I was able to go back to our family’s old country house, which is now home to my brother’s great passion – orchids. Daniel is an award-winning orchid breeder and it is great seeing the old place with teeming with new life. I enjoyed my favourite fruit, pitanga, straight from the tree – itself a cutting from a tree at my great-grandmother’s house. It felt as though I was tasting my own history in its tart and delicious berries.
As spring was just kicking in, I also had the chance to source gorgeous winter cabbages straight from out veg patch, to do my photo shoot for the Frome List. Who better to photograph me with my ferments than my very own plant-obsessed brother? Whatever I was not able to source at the farm, I found in our Mercado Municipal in São Paulo – the main food market in the area, a lot like the New Covent Garden in London. This triggered another trip down memory lane . . . in Brazil, we have one of the biggest Japanese communities outside Japan; many of them, when they first immigrated, ended up going to rural areas and doing agricultural work, not least because of the language barrier. And they excelled at it. Growing up, we would source fresh veg only from our weekly market – and the best vegetable stalls would be owned by them.

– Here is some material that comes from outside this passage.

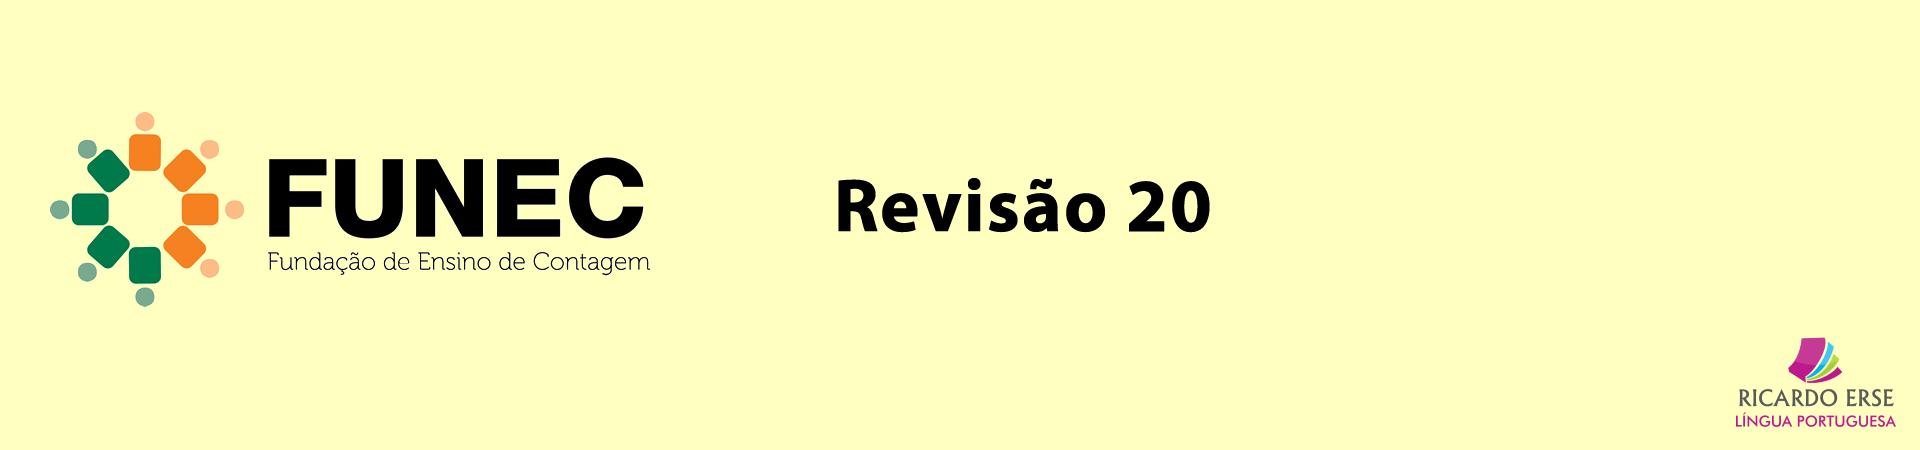 Revisão 20 - FUNEC

Going back to a proper market, I could still see the great impact these Japanese had on our food culture. A lot of the stalls are still owned by Japanese families, with a wealth of Asian ingredients like ume (sour plums), mooli and Napa cabbage. I also appreciated for the first time how much they value surplus, as they offer for sale the tops of vegetables and not the just the roots of produce such as carrots, radishes and horseradish. A truly zero-waste system.
This trip truly rekindled my emotional memories of all things plant from my home country and the many cultures that make it so unique!